一颗再普通不过的糖果,用漂亮的糖纸包着,上面画着滑稽的卡通,俨然是小孩最爱的零食,也不知道这个糖它是从哪里得来。
陆吾和路易都惊了,谢柳生扯着阿花的翅膀把它揪回怀里,哭笑不得地训它:“你怎么搞来的糖啊?”
阿花挺起胸脯,浑身的羽毛都在发光:“就要吃糖!”
陆吾蜷起爪子,把糖果刨下桌,塞进路易的手中,然后继续趴卧在他的膝盖上,闭眼小憩。
老二在一旁看得津津有味,兴趣盎然地点评:“这鹦鹉可真机灵,智商得有五六岁的小孩那么高了吧。”
第24章 谢柳生
菜陆陆续续端上桌,老二拿起筷子便闷头开吃,鹦鹉天生戏精,在桌上蹦来蹦去,似乎想引起旁人注意。

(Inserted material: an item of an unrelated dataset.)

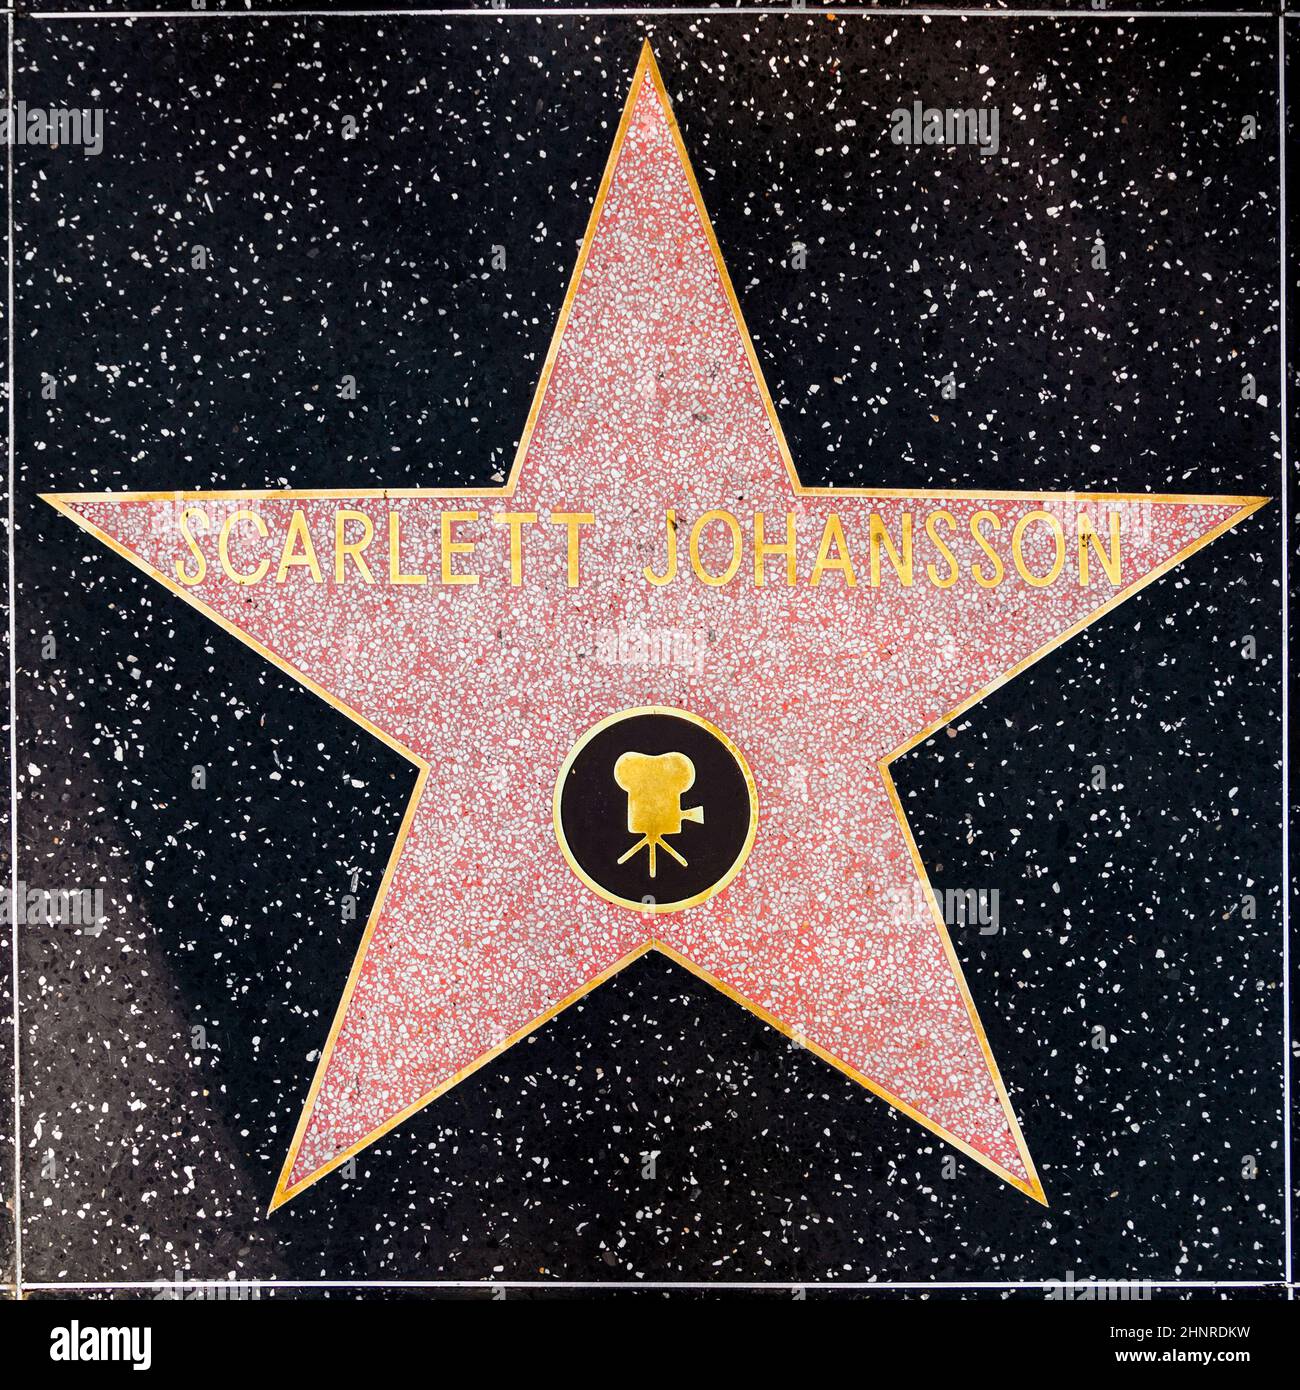 Scarlett Johansen's star on Hollywood Walk of Fame Stock Photo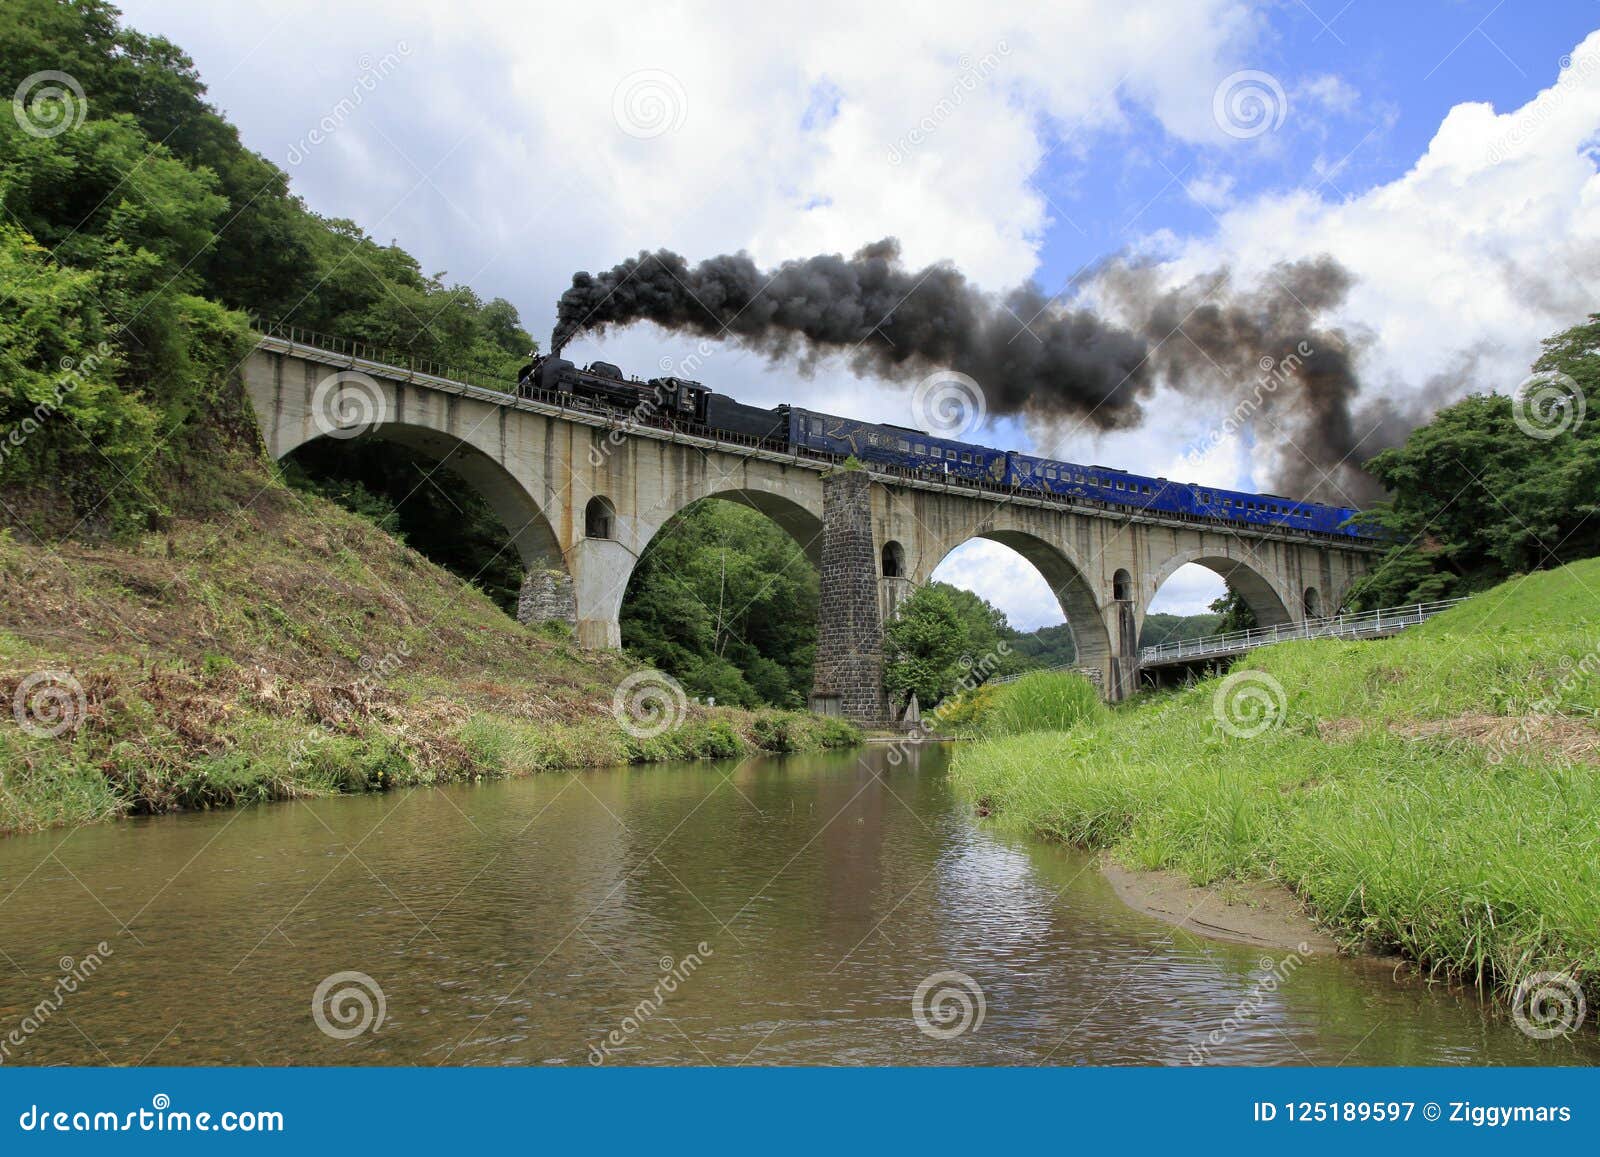 miyamori bridge and steam locomotive

最后还是老二自己付了饭钱,用他的话来说,整桌饭都是他一个人吃干净,谢柳生和路易一点都没碰,他要是心安理得地让路易甚至是谢柳生来付钱,他自己就过不去心里那道坎。
汤之臣此人,看着人模狗样,虽然长得不出挑,气质却是实打实的斯文。平日里一说话就吊儿郎当,为人却很有原则。路易在大学四年间就领教过汤之臣的执拗,便没有开口拦下他付钱的动作,只是说:“下次有机会再聚聚。”
汤之臣吃饱喝足,捧着圆溜溜的肚子,笑眯眯地说:“其实老四,前些天我去过你们学校。”
“什么时候的事情?”
“就这周周一,你和格格那学校真不错,市中心,又是花海又是竹林的,一看就财大气粗,”汤之臣抽出一张纸,擦了擦嘴,“改明儿我看我能不能调到你们学校教书,感受一下土豪的气息。”
路易暗暗心惊,周一,不就是他遭遇竹林的日子吗?
想起汤之臣毫无异状的神情,路易又不好直说,只能含含糊糊地回答:“那再好不过。”
谢柳生进来坐了没一会儿就又出去,体贴地留下空间给这哥俩聊天。汤之臣觉着时间差不多了,便决定打道回府。
“时间不早了,我先回酒店,咱们兄弟俩有时间再聚聚。”
路易连忙站起来:“我送你回家吧。”
汤之臣笑道:“不用不用,你赶紧回家,别折腾了,”他看着路易的脸,这么多年过去,他没有丝毫变化,三十一岁的男人,面容还是像二十出头一样,俊美如昔。
他伸出手,不轻不重地拍了拍路易的肩膀,叹气道,“老四,你得好好养身体,一天之内连着两次不明不白地昏过去。”
路易顺从地答应:“我知道。”
汤之臣抹平衣上的褶皱,大步离开,路易将他送到餐厅门口,目送他坐上的士。汤之臣挥手大声说:“老四,替我谢谢那个小伙子了!”
听见路易的回答后,汤之臣才关上车门,收回视线,与司机交谈。
这时候夜灯初上,到处都是绚烂的霓虹,江水从这里穿过,江岸两边都是高耸入云的大厦,五光十色的广告灯牌在黑夜里变幻不定。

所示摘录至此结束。